How I Built a Full AI Stack

There’s a chatbot on this site. You might have already noticed it. If you haven’t, it’s in the bottom right corner, and it knows things about me. Not because I hardcoded a FAQ, but because it runs a full RAG pipeline with vector search, BM25 fallback retrieval, and either a local LLM running in your browser via WebGPU or a cloud model proxied through Cloudflare Workers.

The total monthly cost to operate all of this: zero dollars.

Let me explain how.

The Stack

Here’s what’s running:

GitHub Pages for hosting (free)
Cloudflare Workers for the API proxy (free tier: 100k requests/day)
Groq for cloud inference (free tier: generous rate limits on Llama 3.3 70B)
WebLLM for in-browser inference via WebGPU (free, runs on your GPU)
Snowflake Arctic Embed for in-browser RAG embeddings (also WebGPU, also free)
Python + sentence-transformers for pre-computing embeddings at build time
Jekyll + Vite + TypeScript tying it all together

No servers. No databases. No monthly bills. Static files, edge functions, and your GPU doing the heavy lifting.

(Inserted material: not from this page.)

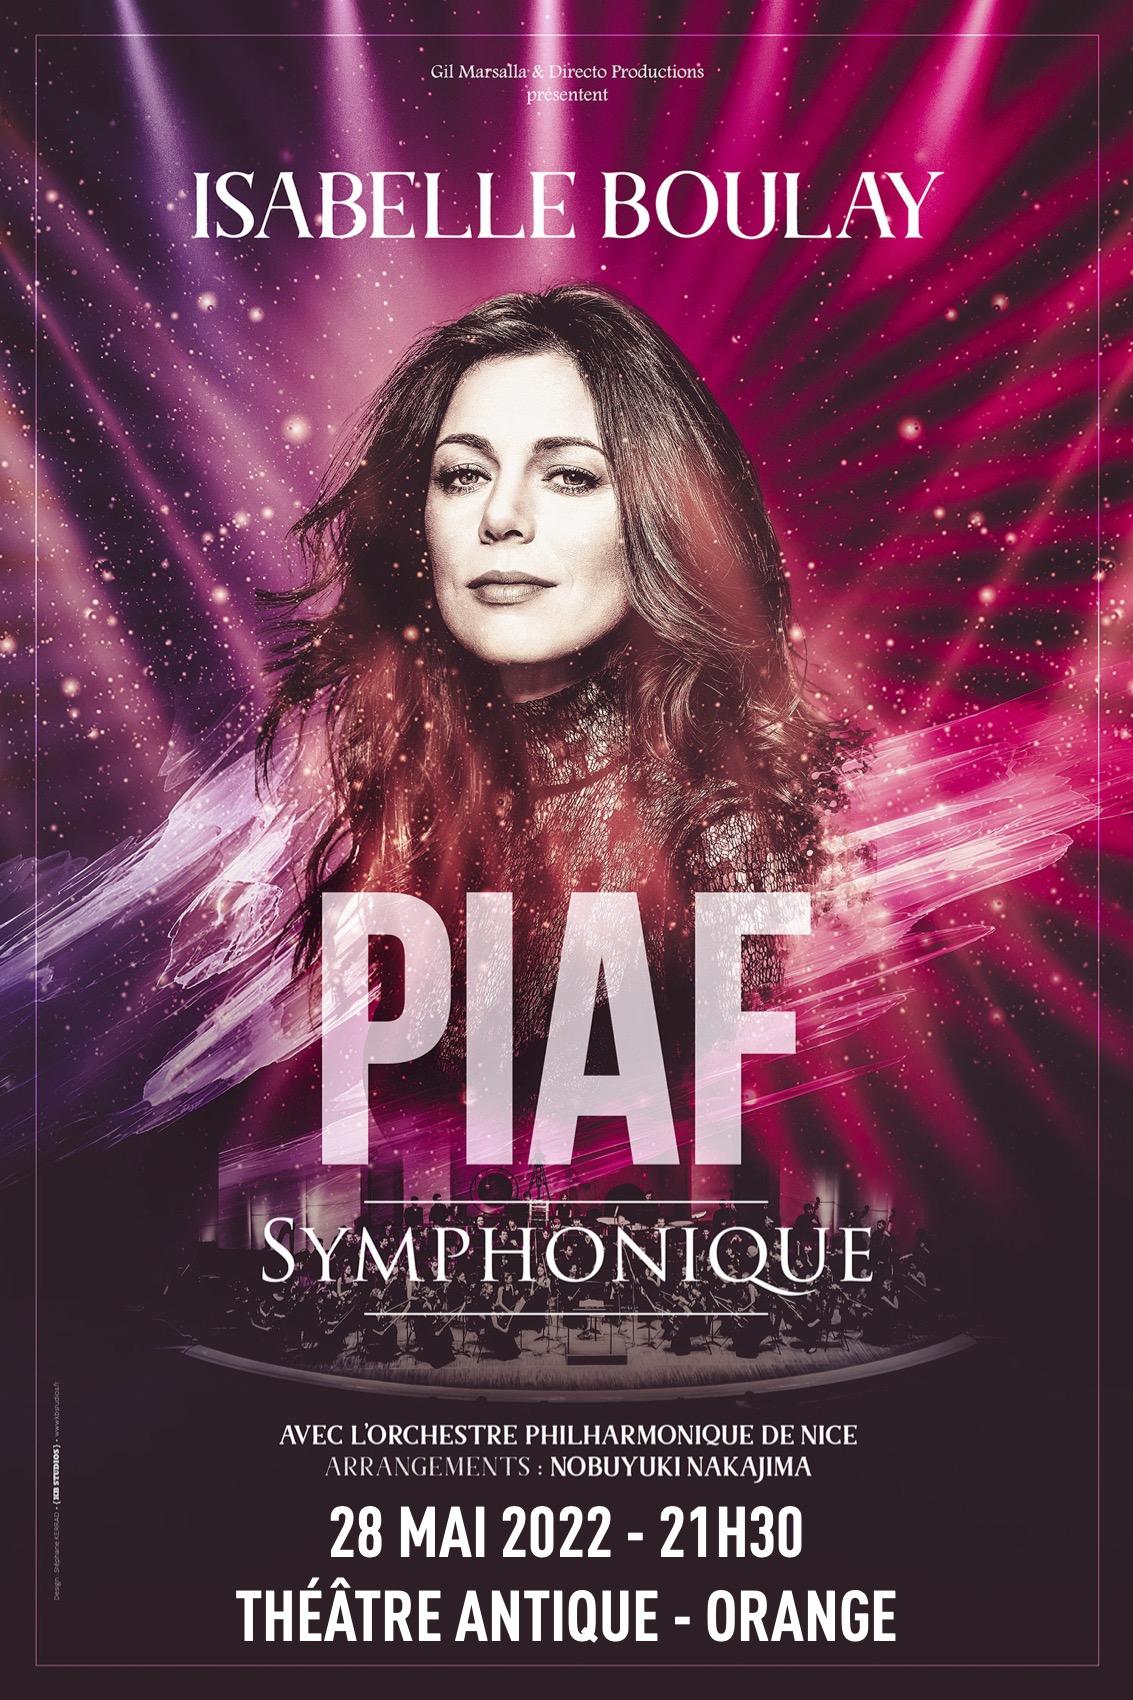 Isabelle Boulay, Piaf Symphonique à Orange, l'interview exclusive pour Raje

The chat widget gives you a choice: cloud or local.

Cloud mode sends your message through a Cloudflare Worker that proxies to Groq’s API. The worker exists for one reason: to keep the API key server-side. Groq runs Llama 3.3 70B, which is a genuinely capable model for conversational Q&A. The latency is excellent because Groq runs on custom LPU hardware that’s optimized for inference speed.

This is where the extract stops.